Both Avastin and Herceptin are injections and treatment costs are quite high, while Apatinib is oral use and only about one-tenth of the cost of existing injection anticancer drugs. According to Korea Health Industry Development Institute(KHIDI) and Health Technology Transfer Center(HTTC), gastric cancer treatment market is expected to be 11 billion dollar market scale by 2030.
As a result, Apatinib is expected to have momentum in the process of licensing-out negotiations and final commercialization, with surging sales in China already on the market and global phase 3 launch, followed by receiving orphan drug designation in Europe.
Meanwhile, Apatinib made 140 billion won as a gastric cancer treatment in China in 2016. Phase 3 clinical trial is in the process for added indication for lung cancer, liver cancer or more.

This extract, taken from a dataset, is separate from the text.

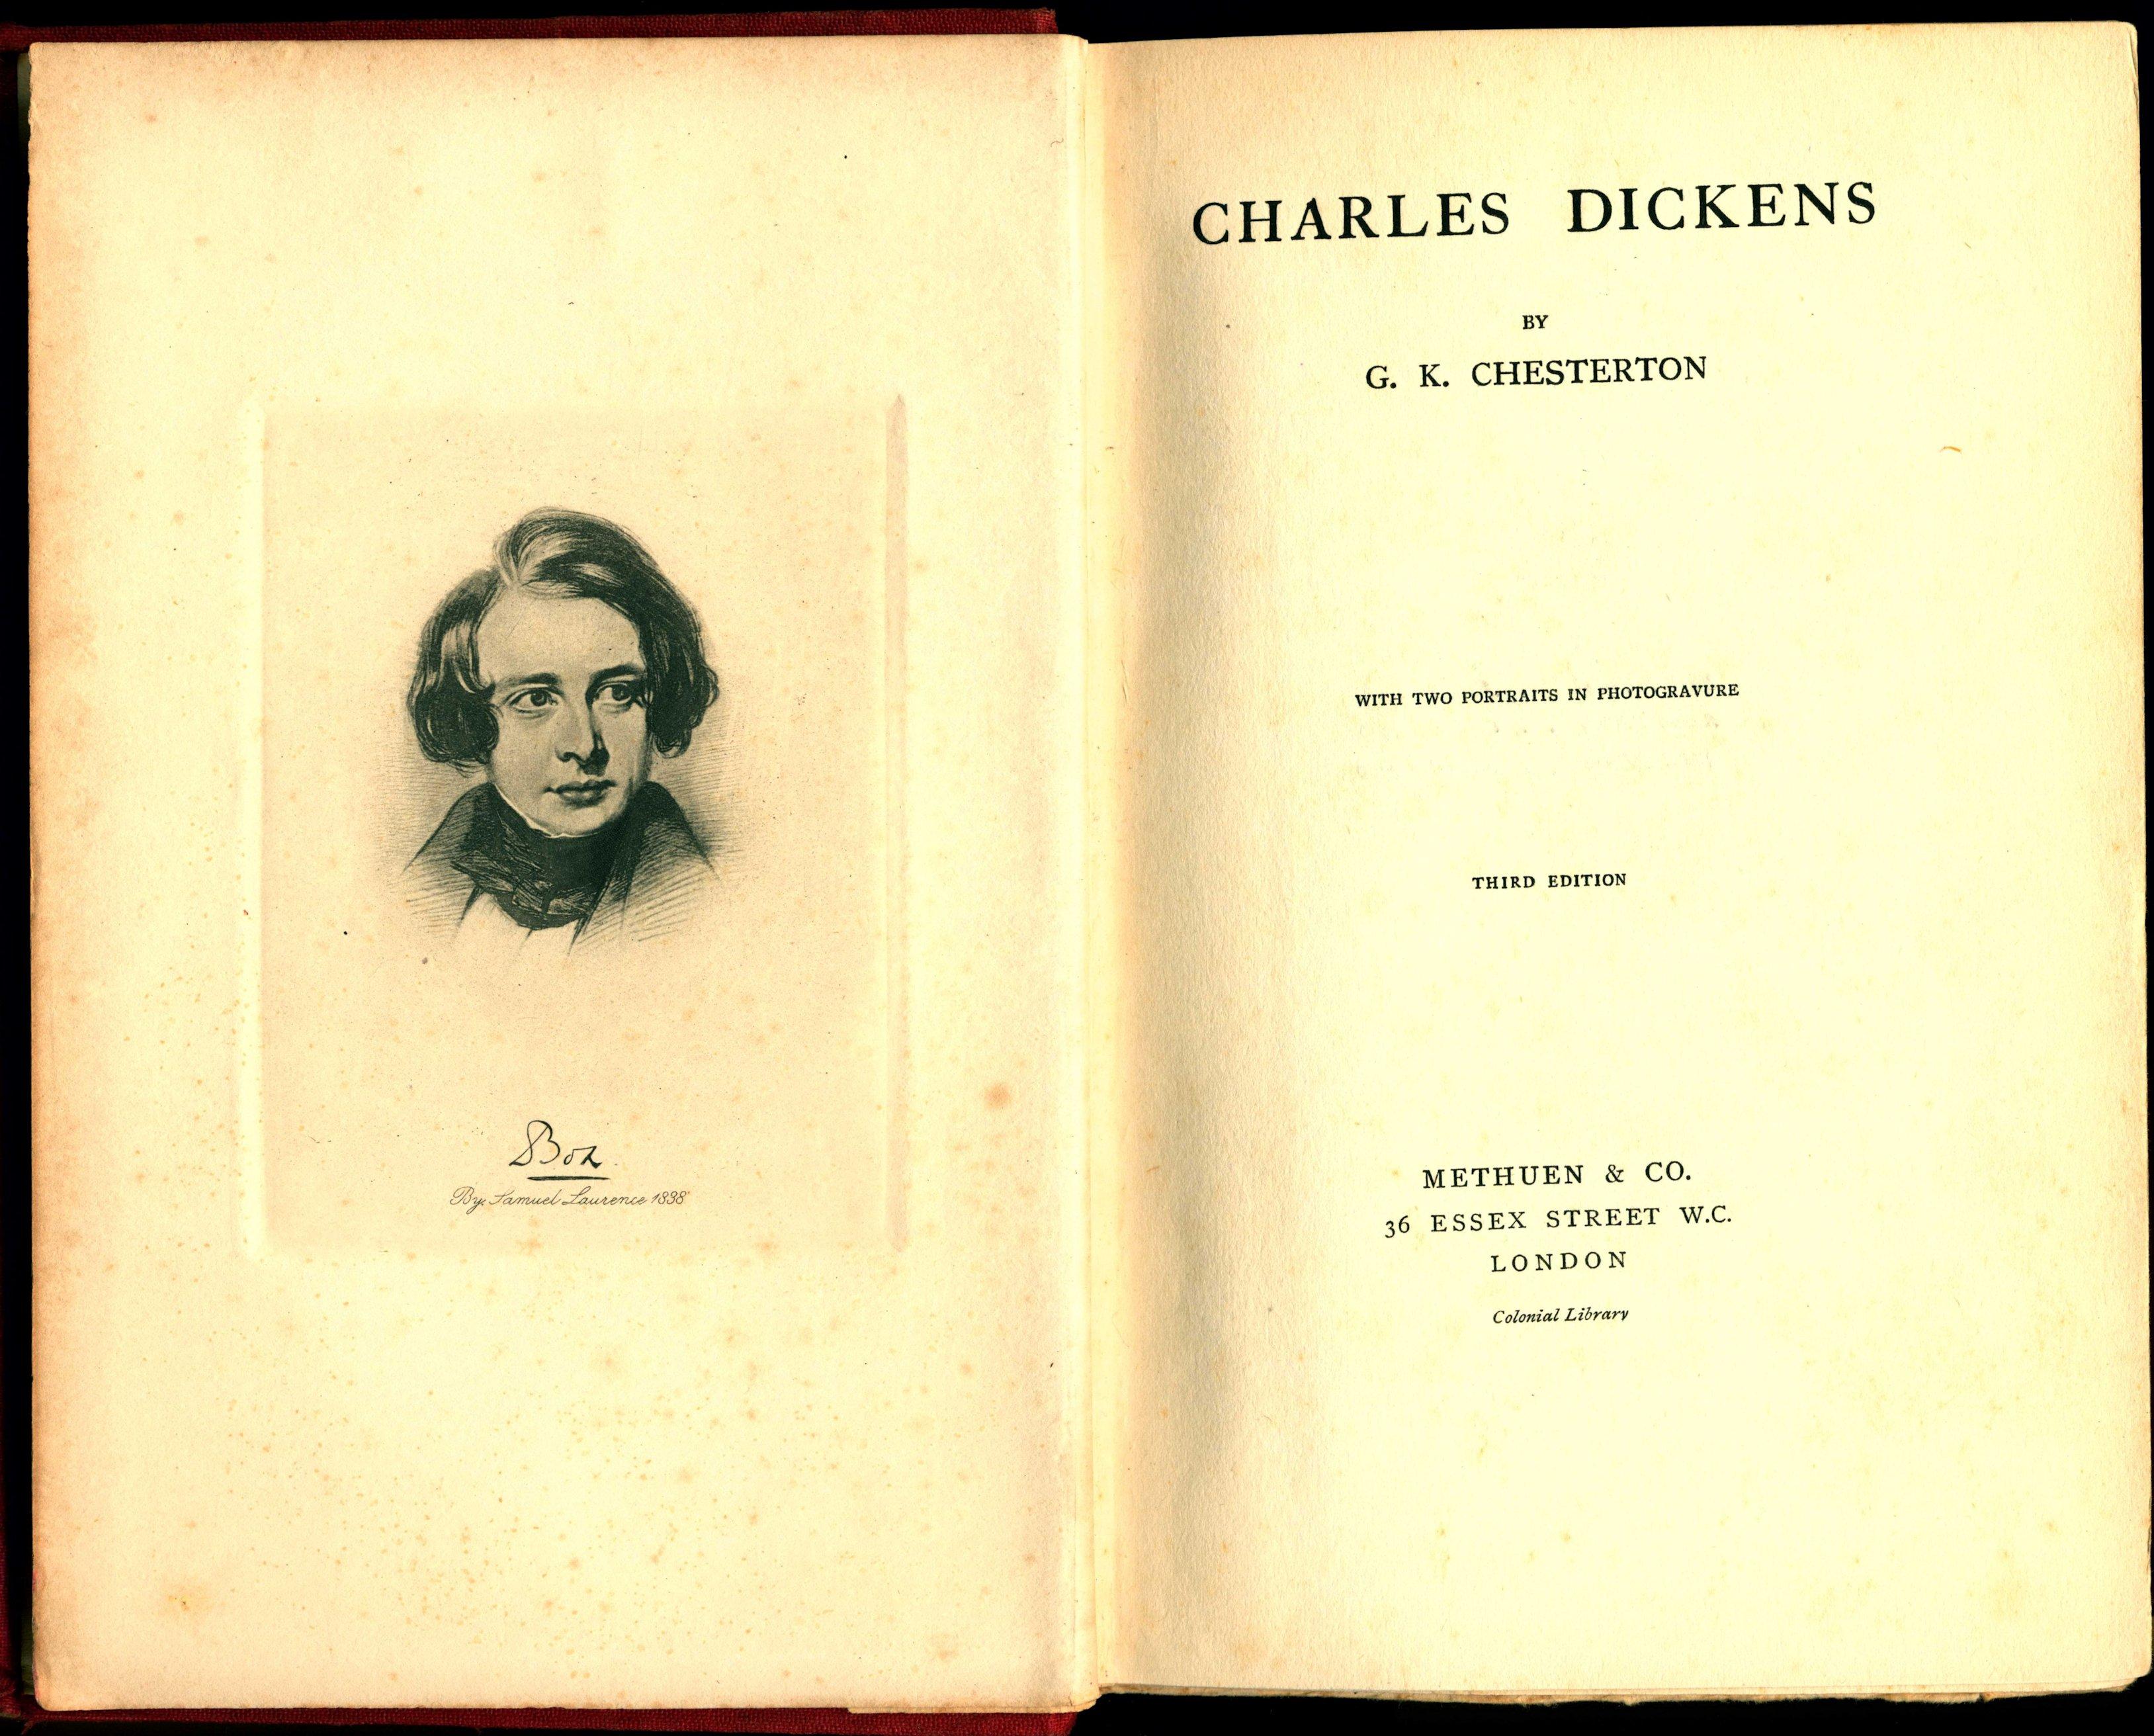 G.K. Chesterton. Charles Dickens. London: Methuen, 1906.
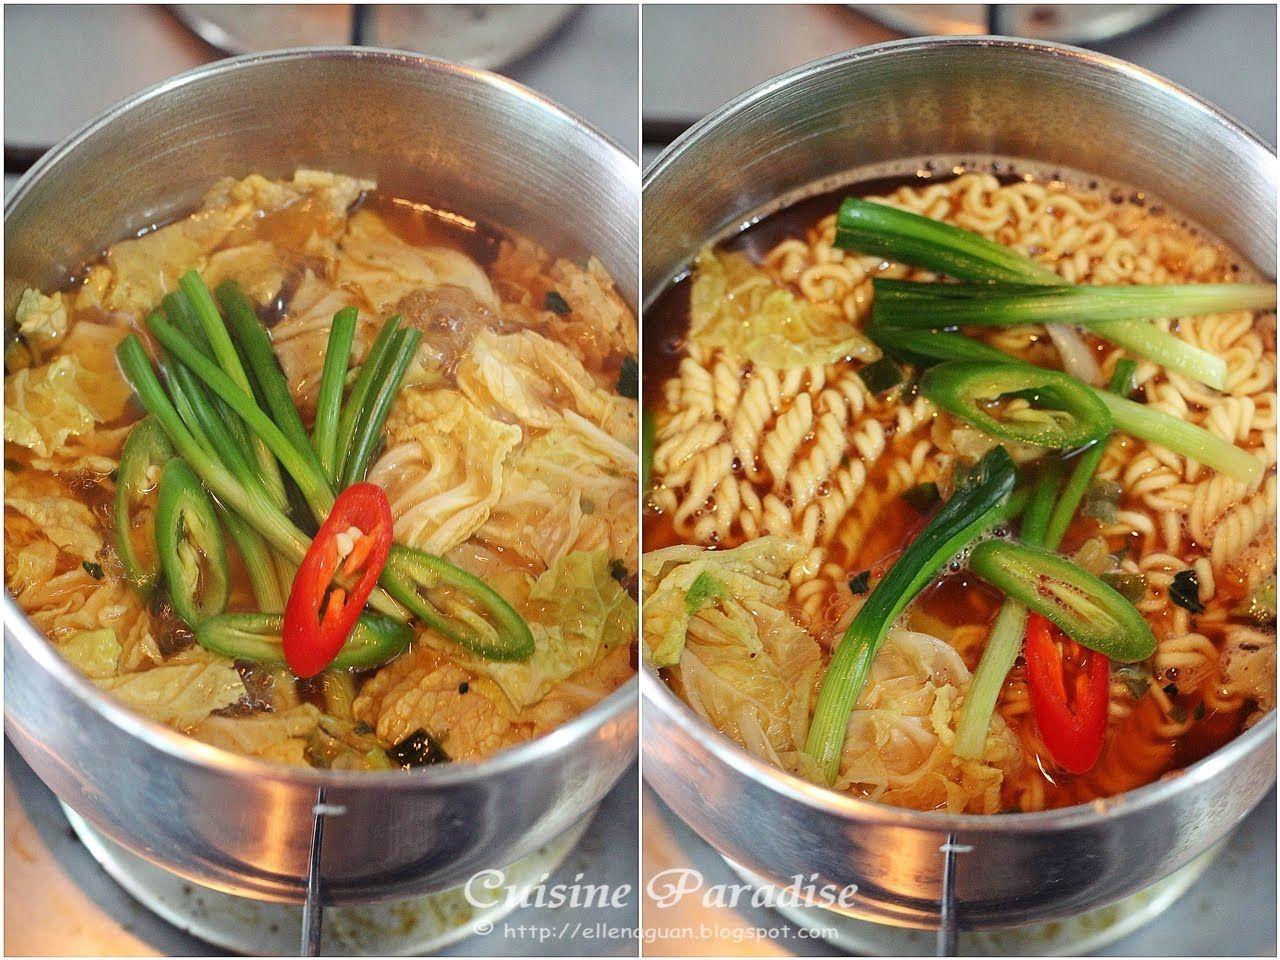 Korean recipes food blog recipes reviews and travel asian food recipes forumfinder Choice Image

Furthermore, Apatinib is undergoing phase 2 trials for a monotherapy in treating esophageal cancer and 1st-2nd line combination chemotherapy in treating gastric, lung, and esophageal cancer.
Apatinib’s Global phase 3 clinical trials plans to have 459 patients enrolled in the study at 95 sites in 12 different countries. The researchers' meeting (IM) and study initiation gathering (SIV) in each country are almost finished, and patient registration will begin soon, the company said. Upon completion of the Phase 2 clinical trial for colorectal cancer, it will be submitted to Korean and European licensing authorities for clinical approval.
Academic world has high expectations for Apatinib’s success. In april 2016, well known international journal “Nature Review” published an article titled “Targeted therapy: Apatinib- new third line option for refractory gastric or GEJ cancer” and discussed its potential for improved overall survival compared to other traditional treatment such as Avastin.